We’re supposed to cycle. We’re supposed to have highs and lows. This is true in all aspects: when the sun is out, we wake up. When it’s dark, we go to sleep (oops. or we invent electric lights, and completely abuse that cycle by staying up way past our bedtimes…). We go through cycles of hot and cold in the seasons, and cycles of feast and scarcity. We feel those cycles less and less, having invented climate control and truck farming, but then again, don’t you sometimes notice how you welcome the crisp cool air of fall? Don’t you sometimes notice how you have a day where you’re just not so hungry? The cycles are still there, if we can pay attention to them.

We have cycles in our moods too – sometimes we want to party every night, sometimes we want to curl up on the couch with a book. There’s nothing wrong with that, it’s perfectly normal. We have cycles in the way our bodies work – melatonin is released as light diminishes, preparing us for sleep. As the light returns and melatonin levels fall, we wake. Through the menstrual cycle, levels of one hormone peak and drastically fall while another slowly builds, all of them combining together to cause events at the right time in the cycle. We can take birth control, which will force the hormone levels to be constant – and then we don’t menstruate, ovulate, etc.

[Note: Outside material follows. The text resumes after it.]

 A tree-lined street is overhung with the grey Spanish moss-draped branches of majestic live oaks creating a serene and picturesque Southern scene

All these cycles are connected – remember I said that insulin is a hormone? When insulin levels are too high, the menstrual cycle gets out of whack, because the body doesn’t have time to regulate the high level of insulin AND get the estrogen and progesterone levels right. The cycles inside us and the ones that are part of the larger whole are also connected: as the dark of winter comes, we slow down, we become more introspective. Because society wants “constant”, we label this bad, we call it seasonal affective “disorder”, and we tell people to take drugs or other actions to fix it. What if instead, we just acknowledged that cycle is normal, that things are supposed to fluctuate, and we all just went with the flow?

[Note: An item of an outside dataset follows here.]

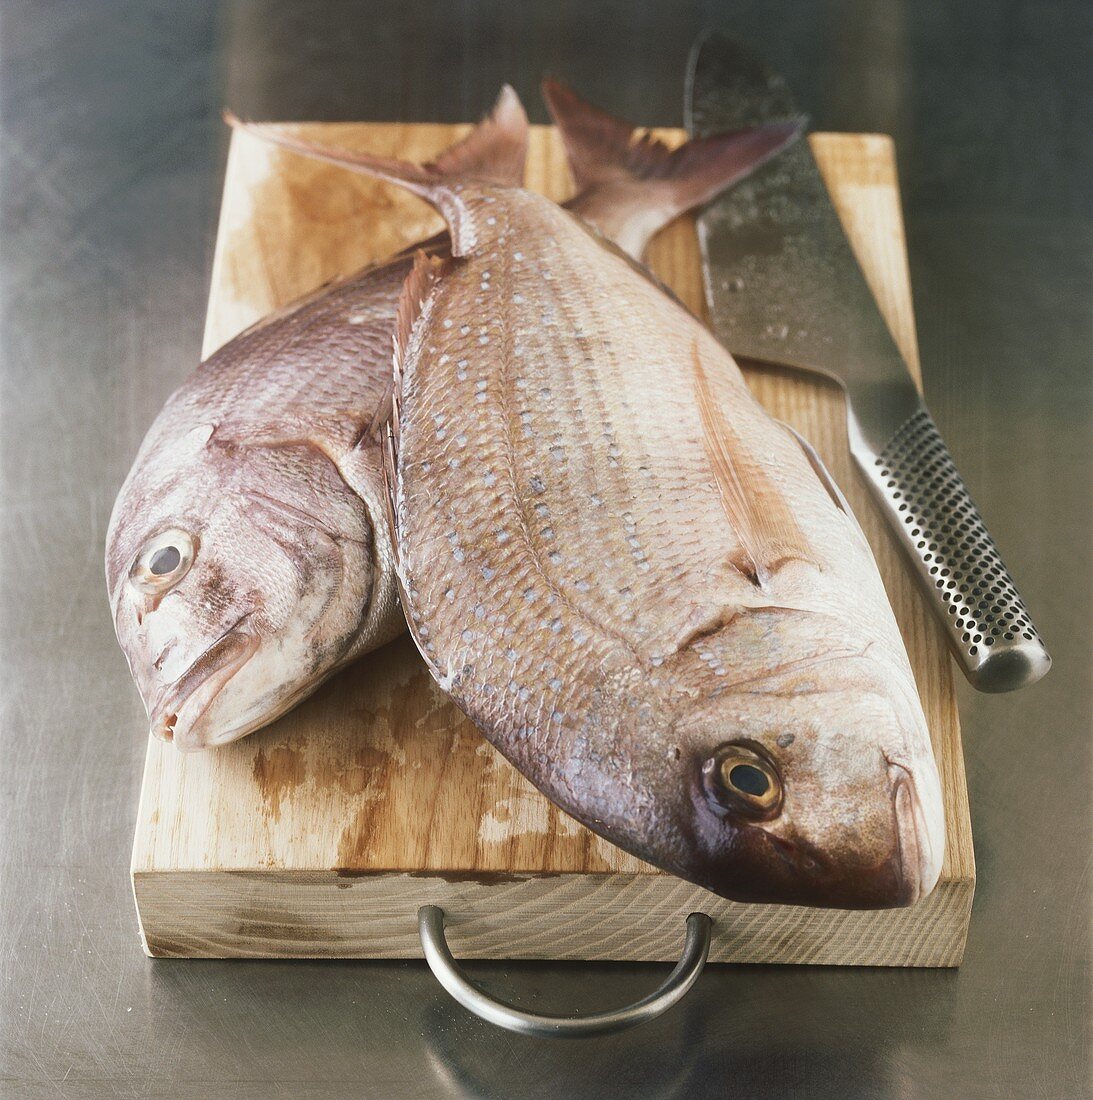 Two sea bream on chopping board with knife

This striving for “constant” – or to use the trendy term, “balance” – it’s not the right goal. We’re all after it like it’s the holy grail, but all we have to do is go back to the ER re-runs to realize: that way lies death. Embrace your fluctuation! When you’re so full of happiness that you’re overflowing, that’s great! When you’re feeling completely empty and drained, feel that too. Enjoy a good meal, and savor feeling sated. And when you begin to feel snacky, wait. Hold off. Don’t be afraid of the fluctuation, don’t reach right away to feed it with constance. Instead, feel it! Savor the feeling of getting hungry as much as you savored the feeling of getting full. And while you’re doing it, remind yourself: the earth is not flat.

2 Comments

  1. Nathalie Ritz on 20 November, 2012 at 9:10 pm

    I really love your “putting things back into perspective” about what constitutes the natural rythmes of our biological life. Most of people’s life style disconnect them from basic bodily needs and functions such as hormones regulation, howewer a need for regulation often involves an element of rythme.
    Your view about hormones functions and interractions offers a perspective that is rather refreshing!
    Your expression illustrates how our basic human nature can be neglected, or worst, condemned at times because it no longer fits well with the rhyme of our social fabric nowadays



  2. Abra Pappa on 8 January, 2013 at 11:59 am

    Katja,
    Thank you so much for writing this. The delivery truck analogy makes so much sense! The most frequent questions/statement I have heard from clients through the years is: “I eat 6 small meals a day, that’s what everyone should be doing right?”
    My response is, “well that is not the right thing for ME to do, I don’t feel great when I eat 6 small meals a day. I feel great when I eat 3 nutrient dense meals per day. Let’s work together and see what’s right for you” Additionally, I have been hard pressed to find many people who are actually consuming 6 SMALL meals. For many people food is such an addictive substance that a “small” meal turns into a rather large meal (but I digress)
    I also feel like this idea of eating constantly is perpetuating the fear of not having food. We are ok with a lot less food then we believe. Going a few hours without eating is OK, you will be OK.